18 Saskatchewan The home of the roaming North American Prairie Bison, Saskatchewan is located in the heart of the plains. With rolling farm fields and grasslands, the scenery feels endless. Despite this, there are more than 100,000 lakes spread across the province. Regina is the southerly located capital and like many provincial capitals in Canada, Regina is a small, quiet city of under 185,000 residents that pretty much closes after the sun sets. Despite this, Regina is the commercial, financial and industrial hub of the province. The clean, wide streets and low skyline surrounded by wheat fields give Saskatoon a different feels to it. Saskatoon is smack in the middle of the Prairies and traveling to and from the city, this fact is very apparent. The city spans the South Saskatchewan River, with the downtown area located on the north shores linked to the south by seven bridges.

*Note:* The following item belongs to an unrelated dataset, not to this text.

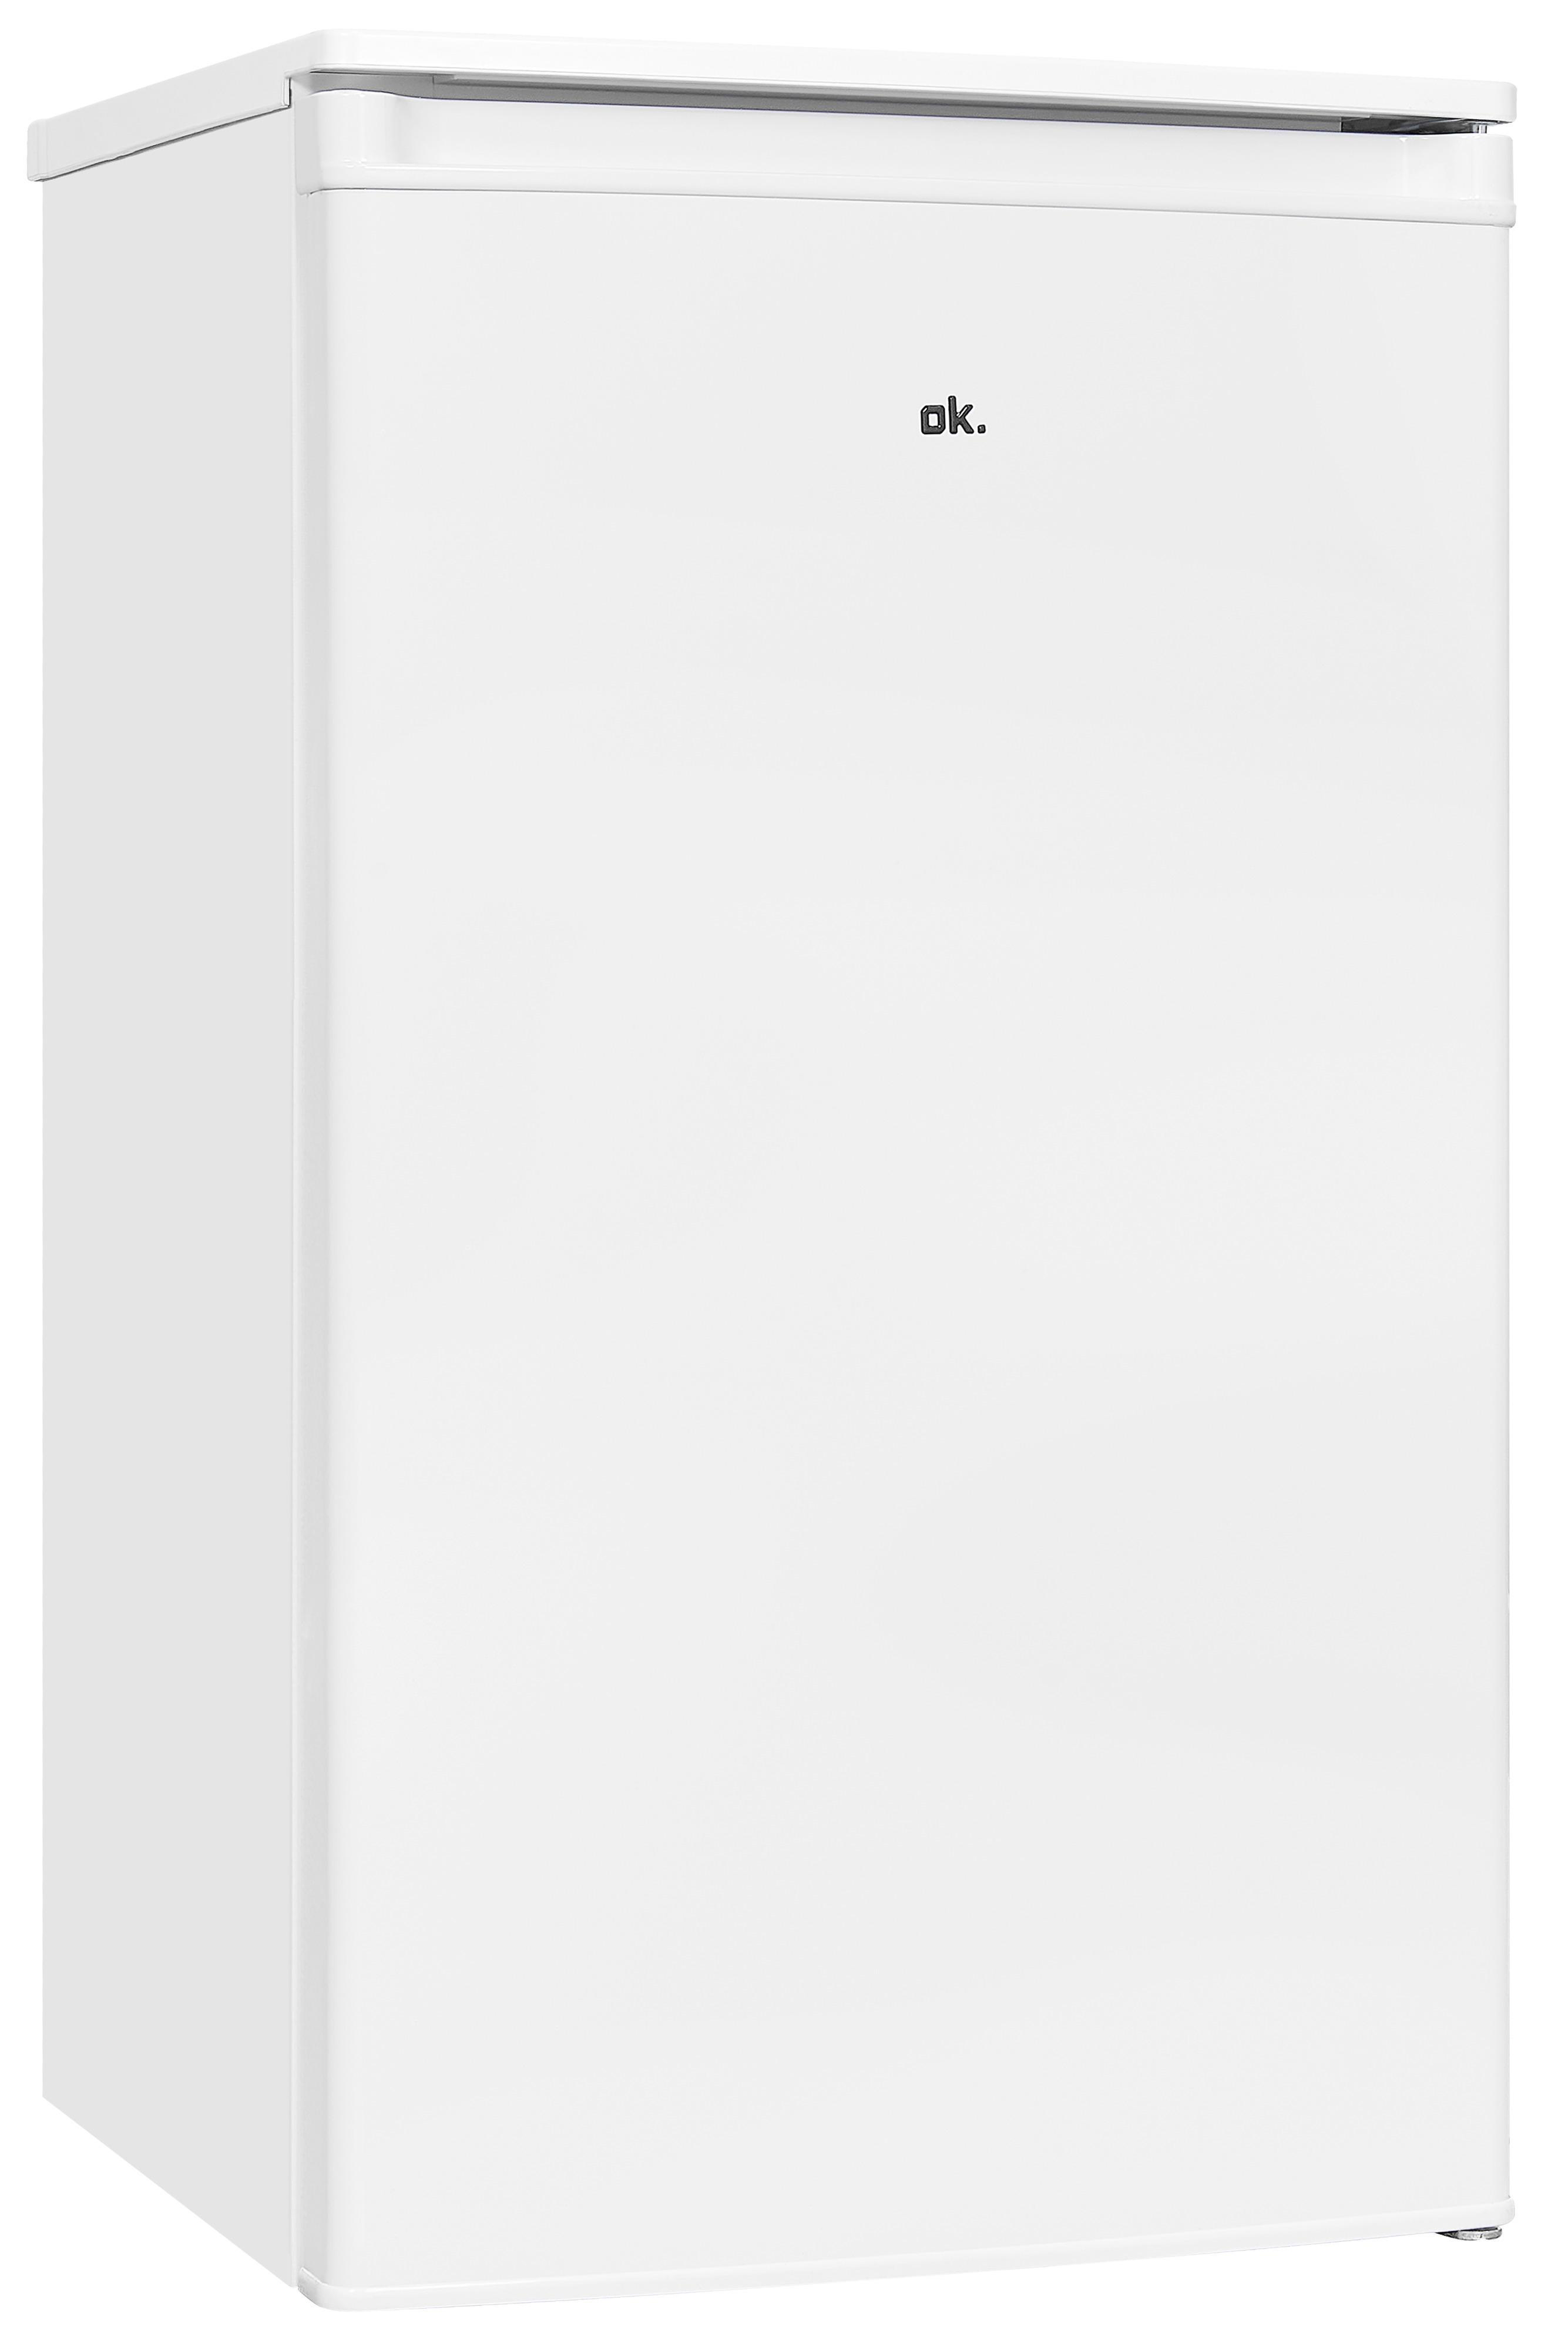 OK. OFR E (E, 111 hoch, Weiß) Kühlschrank 840 mm
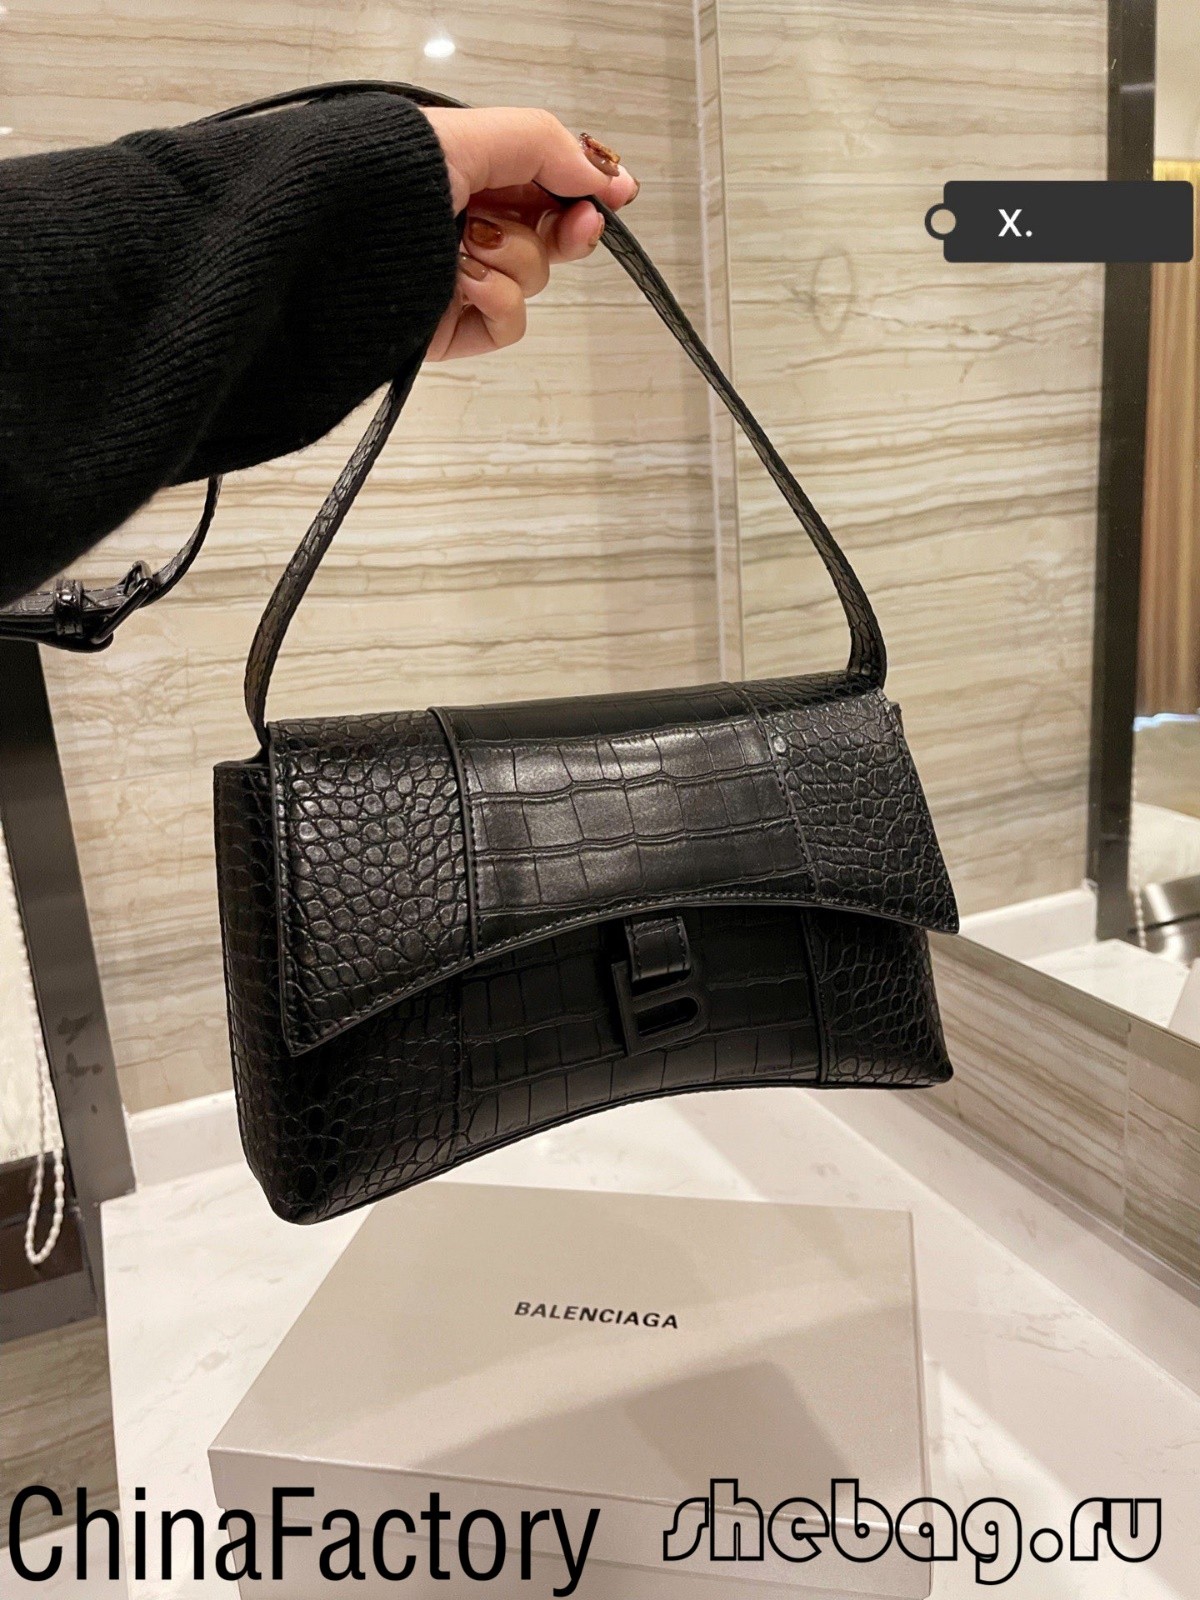 Wie erkennt man eine gefälschte Designer-Tasche? (gefälschte vs. echte Fotos): BALENCIAGA (2022 aktualisiert) – Online-Shop für gefälschte Louis Vuitton-Taschen in bester Qualität, Replica Designer-Tasche ru

19 Yukon territory Wedged between Alaska and the Northwest Territories on each side, Yukon Territory is bounded by British Columbia, to the south and the Arctic Ocean to the north. The Yukon is one of the easiest places north of the arctic circle to access, however, it is not all that does not mean it is simple. The only city in the territory, Whitehorse is in the south of the territory and can be accessed by roads but these roads deteriorate rapidly the further north they go. With only 20,000 residents, nearly everyone in the territory lives in Whitehorse. Despite the population size, the city limits cover 421 sq km making it the largest urban designated areas in Canada. The central downtown area of the city is very small but the residents are spread across this large area giving them plenty of space to live.